Too many IT people step over the line from cutting edge to bleeding edge or wind up just plummeting off the edge entirely into an endless free-fall of bad consequences for all end-users, all for the lack of a little forethought and well-considered conservatism. I’ve seen it one too many times.
Whether the IT person is in-house talent or outside service personnel, the result is too often the same. An hour after they leave, or sometimes moments after they arrive, the system comes screeching or grinding to a halt over a careless action. And they are either unavailable or powerless to fix it, leaving the end users holding the bag.
Example? How about the IT person who decided to just shut down a network without prior notice or query to implement a “3 minute” power supply replacement, only to find the system would not reboot with the new supply, and the old one officially died upon removal.
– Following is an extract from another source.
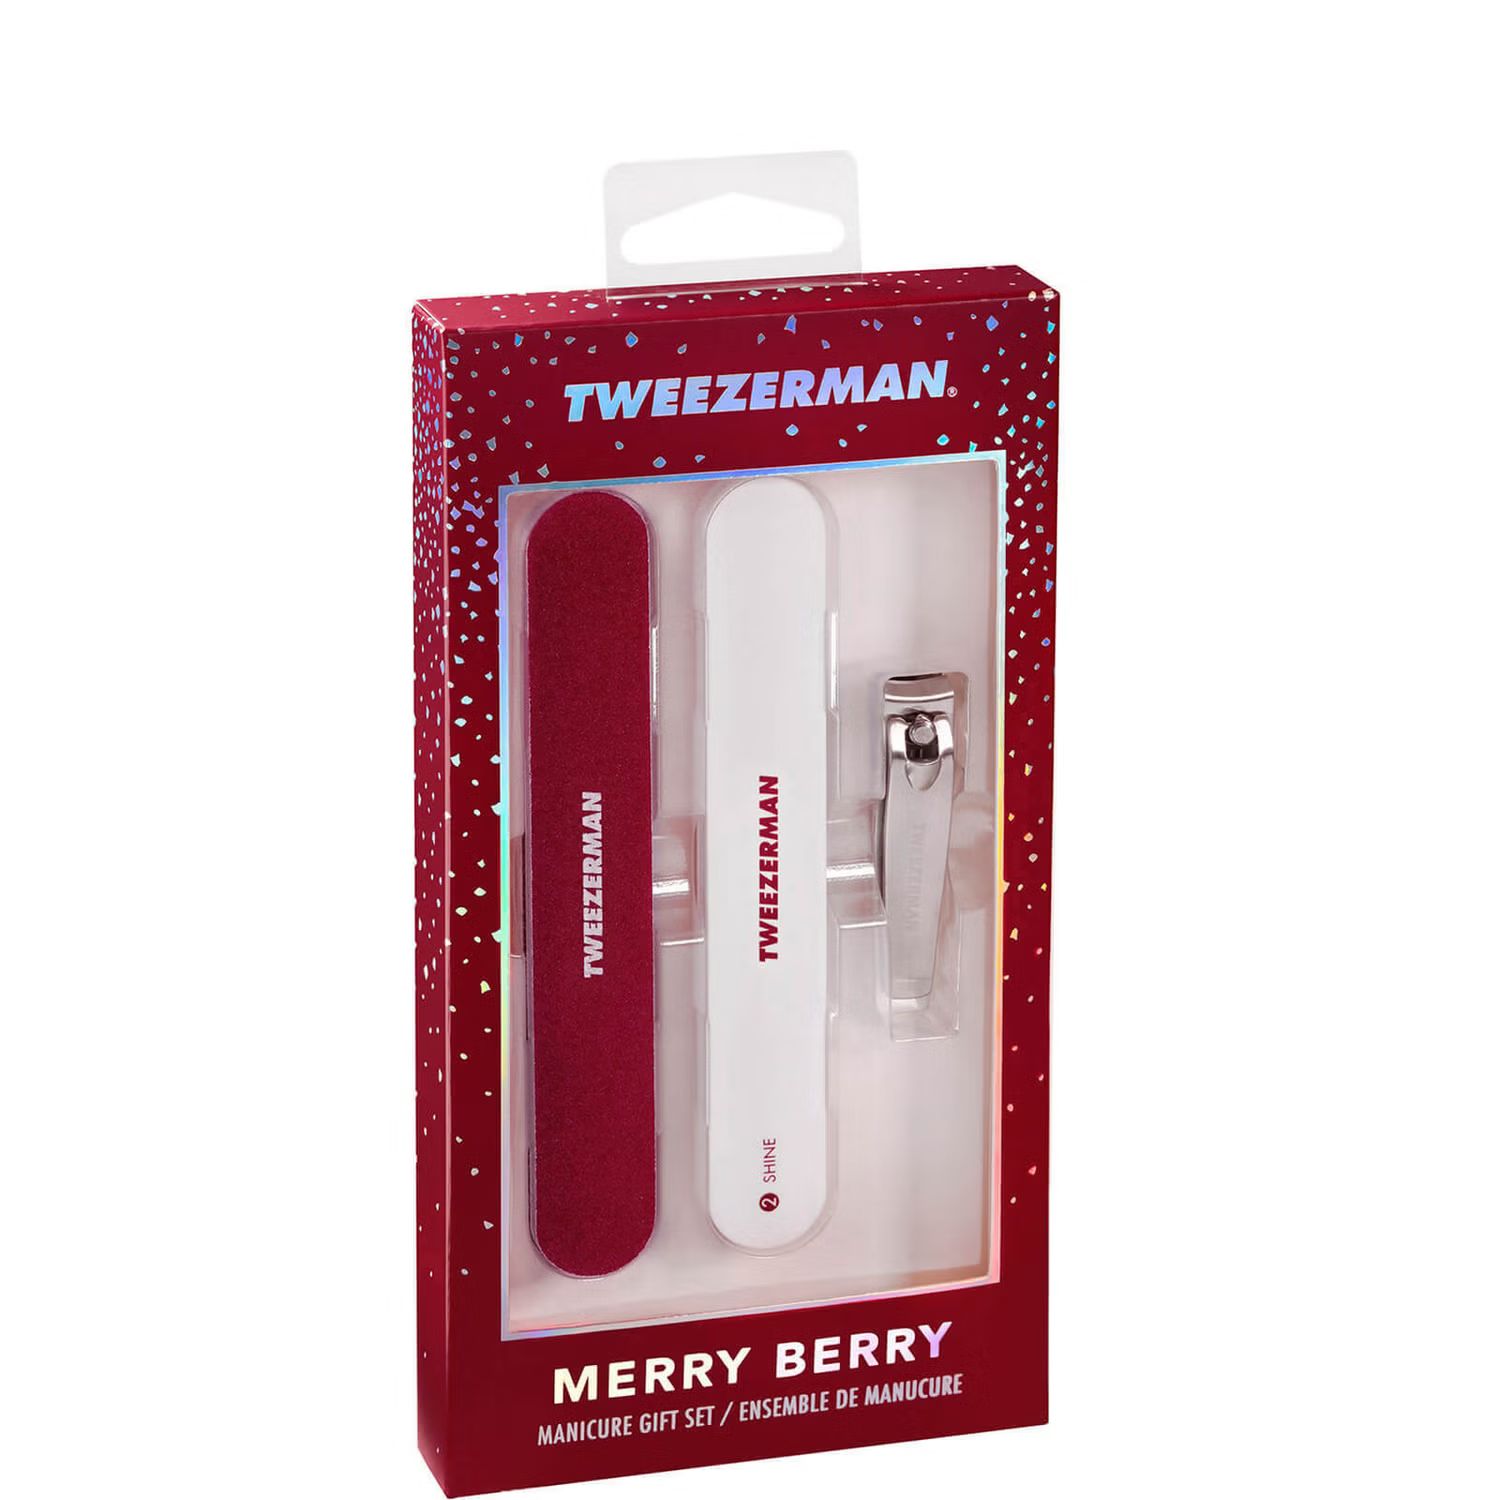 Tweezerman Merry Berry Manicure Gift Set (£22.00) | Look Fantastic (UK)

Oh, did I mention that a lawyer was in the conference room in the middle of a 4+ hour complicated closing at the time? You would have thought it was the fourth of July based on the fireworks.
Example? How about the IT person who heard a funny noise coming from the PBX phone switch and decided to reboot it on the chance it would take care of the problem. Want to take a guess? Yep, you got it. It was an impending hard drive controller failure, and the hard drive failed when it stopped spinning. The firm was without phone service for over 24 hours, and lost all its voicemail messages, current and saved.
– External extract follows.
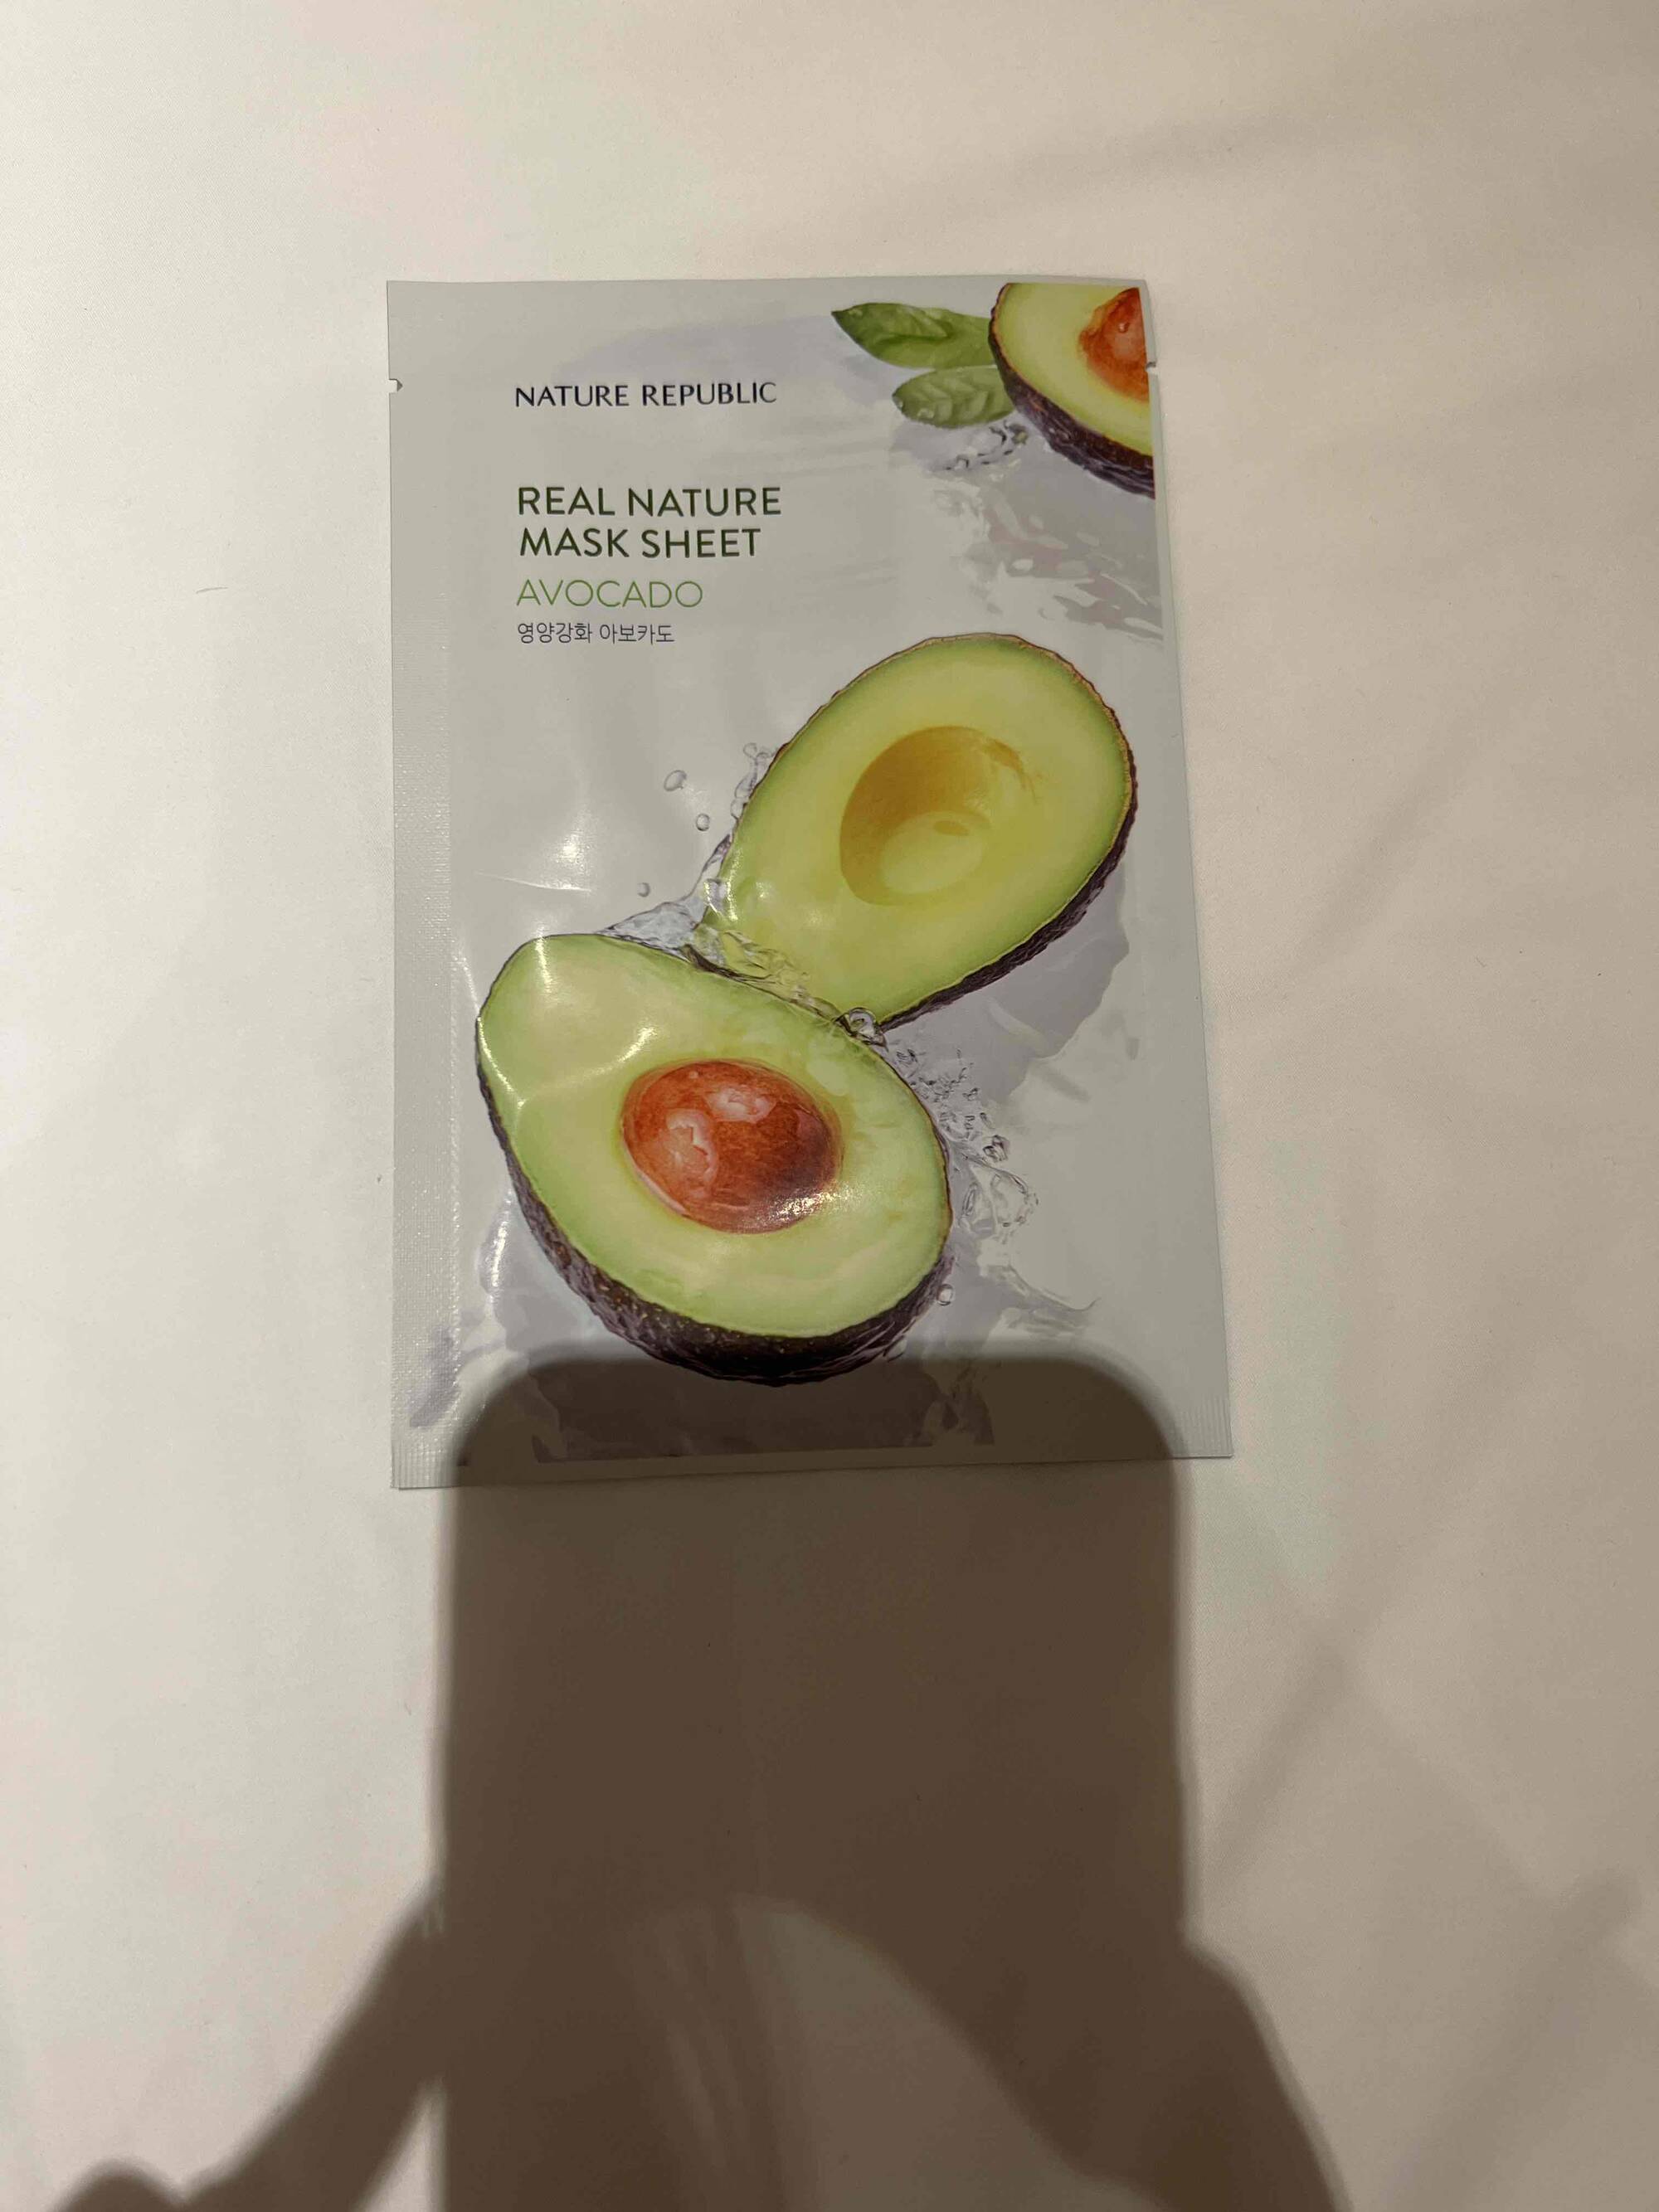 NATURE REPUBLIC - Real nature mask sheet avocado

Example? How about the IT department at Research in Motion making a minor software update that was supposed to optimize system cache memory, without adequately testing it first? Want to take a guess? Well, if you know any Blackberry users, you probably already know most needed a padded cell and/or methadone to deal with the withdrawal symptoms when the system failed and left literally millions of users jonesing to use their thumbs from late Tuesday, April 17th, into Wednesday the 18th. Complicating matters was the fact that the company’s backup system also “performed poorly.”
“The system routine was expected to be non-impacting with respect to the real-time operation of the BlackBerry infrastructure, but the pre-testing of the system routine proved to be insufficient,” Research in Motion said in a statement.
I don’t care whether you outsource your IT, have your own in-house talent, or if you literally do it yourself. Just always keep in mind that you should never mess around with anything, no matter how “simple” or “straight-forward” or “non impacting” you think it will be, without first asking yourself what you can do to undo it if the worst happens. Do you have the ability to “go back” software-wise short of a full restore? If you have to do a restore, do you have a current backup? Have you done a restore recently, or even tested your back-up to make sure it will work as desired when needed?
If the system is down, even for a few minutes, who will be affected? Have you checked with them to see if they can deal with it without adversely impacting client deadlines?
How will you fix it if it turns into a boo-boo? How long will it take?
Always test everything you can in advance. Always make sure you have a full software backup before installing any software, patch update, whatever. Never ever power down unless you are pretty darn sure you can power back up, or have back-up hardware available. One thing I’ve learned time and time again — if you suspect a hardware problem, the worst thing is to power down before a technician with replacement parts arrives or is enroute. Ok, we’ll make an exception when there’s smoke coming out of the exhaust vent. 🙂
If we learn nothing else from RIM’s recent outage, it should be to remind us that there is virtually nothing we can do to our computers which is truly “non impacting,” so always take a conservative approach.